Start of Given records

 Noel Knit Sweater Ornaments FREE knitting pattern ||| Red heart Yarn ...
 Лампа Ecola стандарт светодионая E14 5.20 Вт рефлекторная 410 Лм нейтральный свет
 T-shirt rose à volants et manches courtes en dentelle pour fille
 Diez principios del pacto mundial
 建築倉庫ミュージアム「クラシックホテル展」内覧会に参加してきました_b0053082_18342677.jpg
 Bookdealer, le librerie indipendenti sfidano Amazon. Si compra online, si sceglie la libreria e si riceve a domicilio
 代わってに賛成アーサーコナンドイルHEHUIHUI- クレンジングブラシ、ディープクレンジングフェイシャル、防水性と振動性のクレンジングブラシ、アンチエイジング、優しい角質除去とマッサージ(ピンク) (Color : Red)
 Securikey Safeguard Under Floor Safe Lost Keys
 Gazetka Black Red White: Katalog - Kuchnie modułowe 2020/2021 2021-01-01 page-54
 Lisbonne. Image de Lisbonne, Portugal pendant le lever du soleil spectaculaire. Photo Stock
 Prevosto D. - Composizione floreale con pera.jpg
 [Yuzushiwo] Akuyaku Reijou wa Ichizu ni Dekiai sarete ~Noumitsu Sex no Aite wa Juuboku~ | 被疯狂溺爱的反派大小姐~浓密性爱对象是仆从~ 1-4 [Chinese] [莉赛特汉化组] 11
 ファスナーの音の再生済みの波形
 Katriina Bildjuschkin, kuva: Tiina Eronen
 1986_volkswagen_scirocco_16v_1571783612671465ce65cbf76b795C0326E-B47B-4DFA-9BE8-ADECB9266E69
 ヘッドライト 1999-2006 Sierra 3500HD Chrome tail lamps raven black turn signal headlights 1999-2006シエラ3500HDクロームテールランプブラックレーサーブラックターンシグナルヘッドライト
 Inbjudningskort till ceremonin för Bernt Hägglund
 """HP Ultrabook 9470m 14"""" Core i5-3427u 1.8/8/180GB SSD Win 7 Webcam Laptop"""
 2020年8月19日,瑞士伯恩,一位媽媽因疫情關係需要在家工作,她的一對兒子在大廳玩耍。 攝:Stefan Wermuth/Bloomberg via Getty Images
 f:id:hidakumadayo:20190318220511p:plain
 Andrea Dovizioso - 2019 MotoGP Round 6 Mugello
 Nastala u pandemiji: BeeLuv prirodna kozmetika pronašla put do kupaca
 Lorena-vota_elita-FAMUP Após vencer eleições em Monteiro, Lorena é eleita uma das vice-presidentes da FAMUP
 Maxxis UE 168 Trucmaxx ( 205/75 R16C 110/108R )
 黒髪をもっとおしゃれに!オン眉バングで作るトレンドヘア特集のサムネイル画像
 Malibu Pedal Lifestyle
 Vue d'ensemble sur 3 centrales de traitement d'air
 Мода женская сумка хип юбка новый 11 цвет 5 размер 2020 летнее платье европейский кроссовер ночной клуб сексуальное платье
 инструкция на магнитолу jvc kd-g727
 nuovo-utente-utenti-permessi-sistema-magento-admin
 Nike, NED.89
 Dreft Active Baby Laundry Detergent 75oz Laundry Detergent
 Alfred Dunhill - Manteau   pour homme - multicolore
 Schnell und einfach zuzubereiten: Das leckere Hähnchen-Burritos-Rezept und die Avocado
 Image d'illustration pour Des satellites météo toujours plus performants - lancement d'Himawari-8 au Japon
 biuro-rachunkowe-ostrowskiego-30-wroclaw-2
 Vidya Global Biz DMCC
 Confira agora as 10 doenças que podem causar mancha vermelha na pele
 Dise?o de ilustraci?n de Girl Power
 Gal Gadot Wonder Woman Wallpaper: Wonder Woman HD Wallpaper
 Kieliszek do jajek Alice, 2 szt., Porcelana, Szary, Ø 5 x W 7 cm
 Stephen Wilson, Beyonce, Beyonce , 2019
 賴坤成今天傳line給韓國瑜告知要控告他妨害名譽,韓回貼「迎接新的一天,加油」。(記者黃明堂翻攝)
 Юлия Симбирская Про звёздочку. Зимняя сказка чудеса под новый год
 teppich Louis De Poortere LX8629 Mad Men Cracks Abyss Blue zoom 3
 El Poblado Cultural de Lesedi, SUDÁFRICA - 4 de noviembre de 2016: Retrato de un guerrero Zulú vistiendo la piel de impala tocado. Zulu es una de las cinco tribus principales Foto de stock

End of Given records

▶ [What you should do]: Using the records above, find the number of lines that contain the string "новый", and give that number without further comment.

▶ [Result below]: 2